Restate the listing that follows word for word, without its pictures.

§ **Exercise data**
_ _ _ _ _ _ _
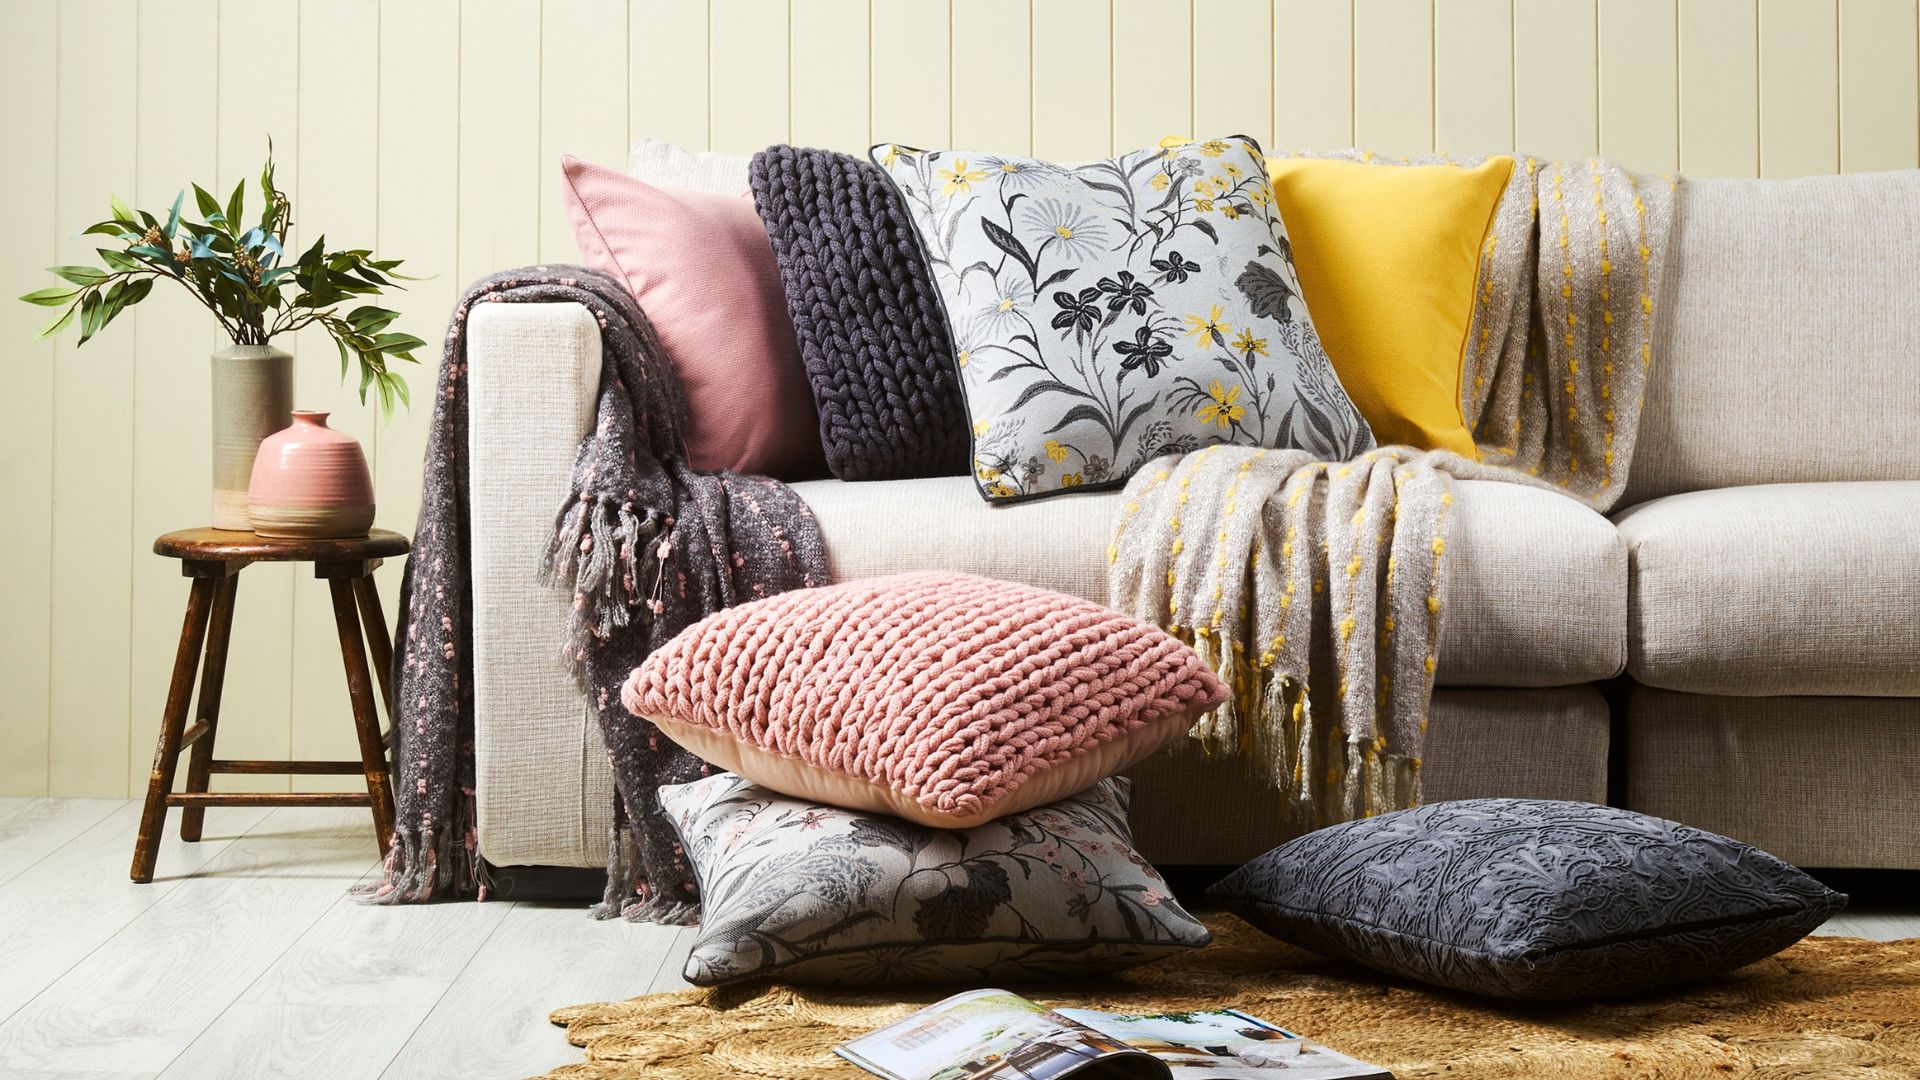 Chunky knit cushion paired with printed floral cushions
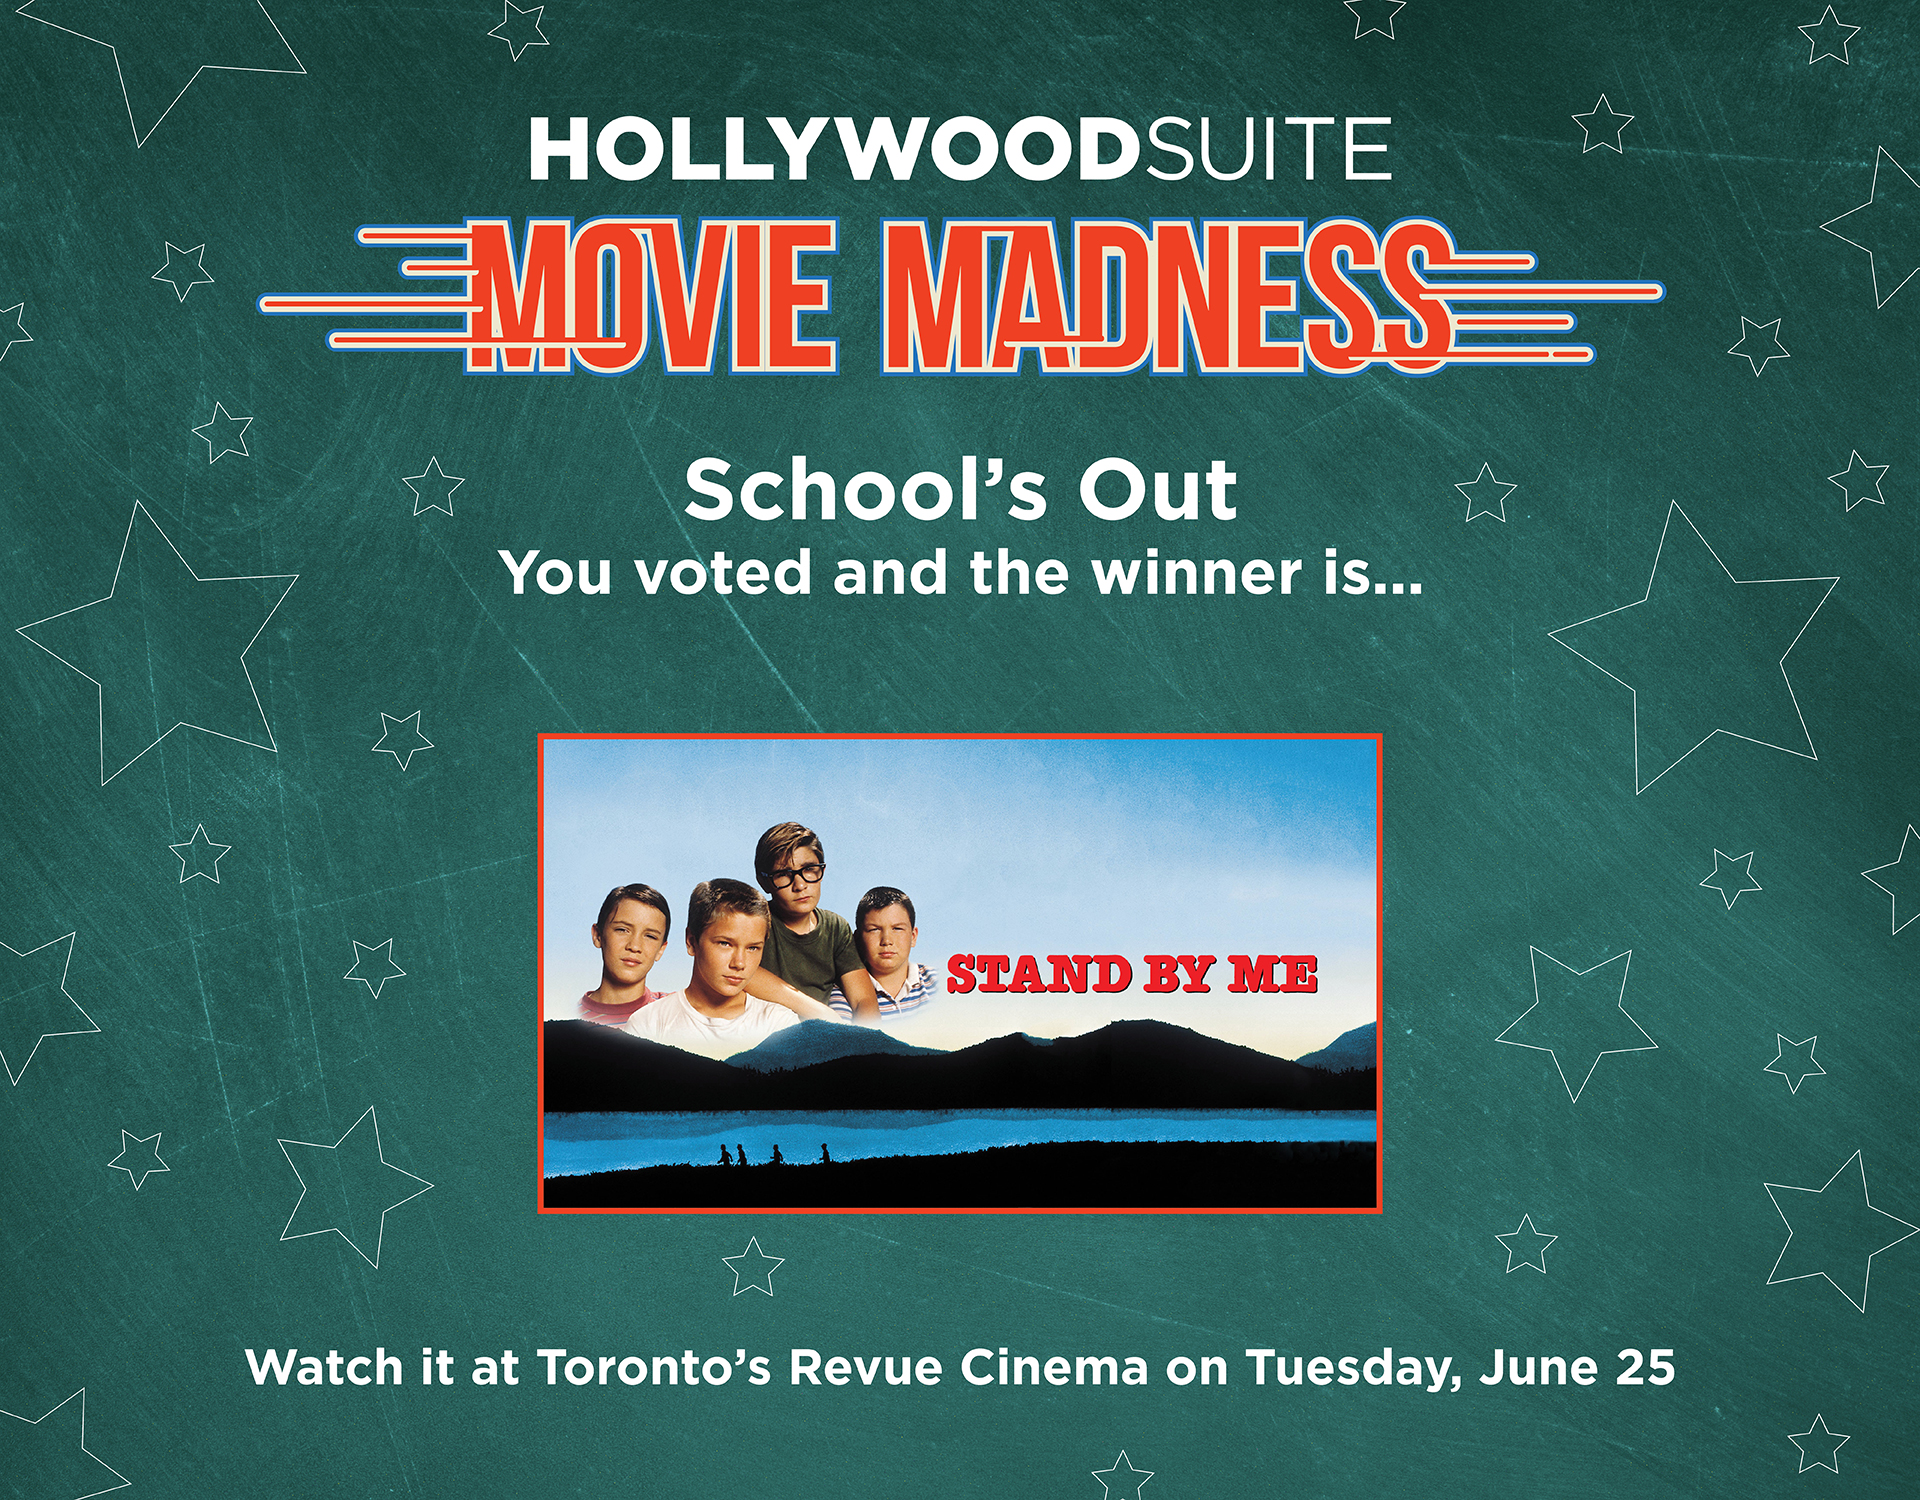 Hollywood Suite Movie Madness - School's Out. You voted and the winner is... Stand By Me. Watch it at Toronto's Revue Cinema on Tuesday, June 25
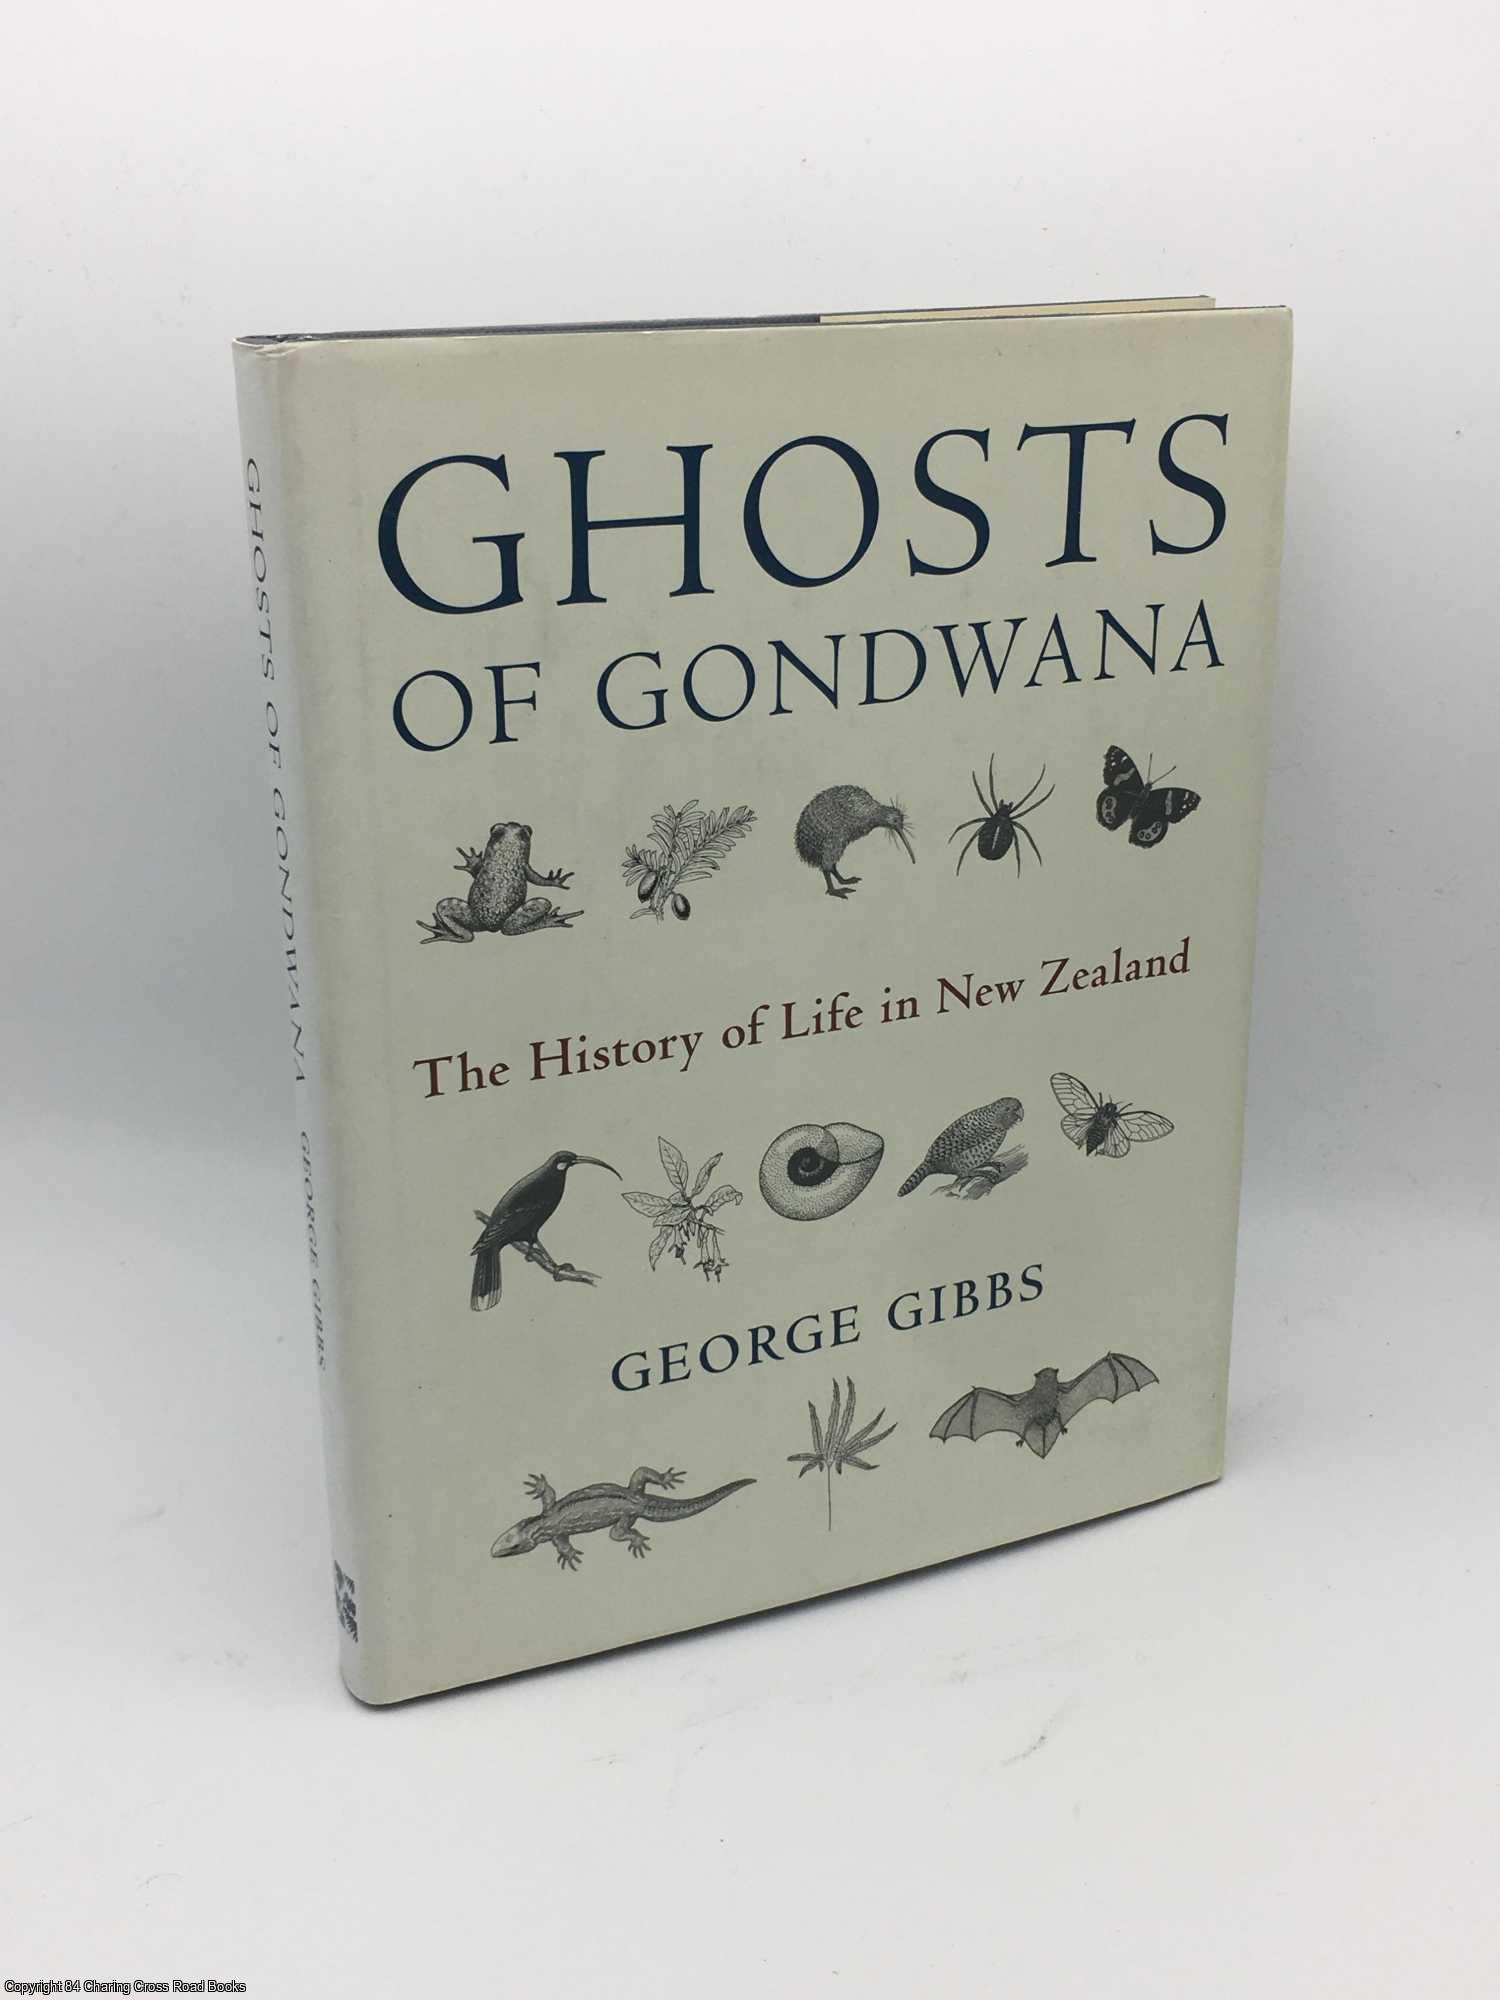 Gibbs, George - Ghosts of Gondwana: The History of Life in New Zealand
_ _ _ _ _ _ _
§ **Answer section**
 Chunky knit cushion paired with printed floral cushions
 Hollywood Suite Movie Madness - School's Out. You voted and the winner is... Stand By Me. Watch it at Toronto's Revue Cinema on Tuesday, June 25
 Gibbs, George - Ghosts of Gondwana: The History of Life in New Zealand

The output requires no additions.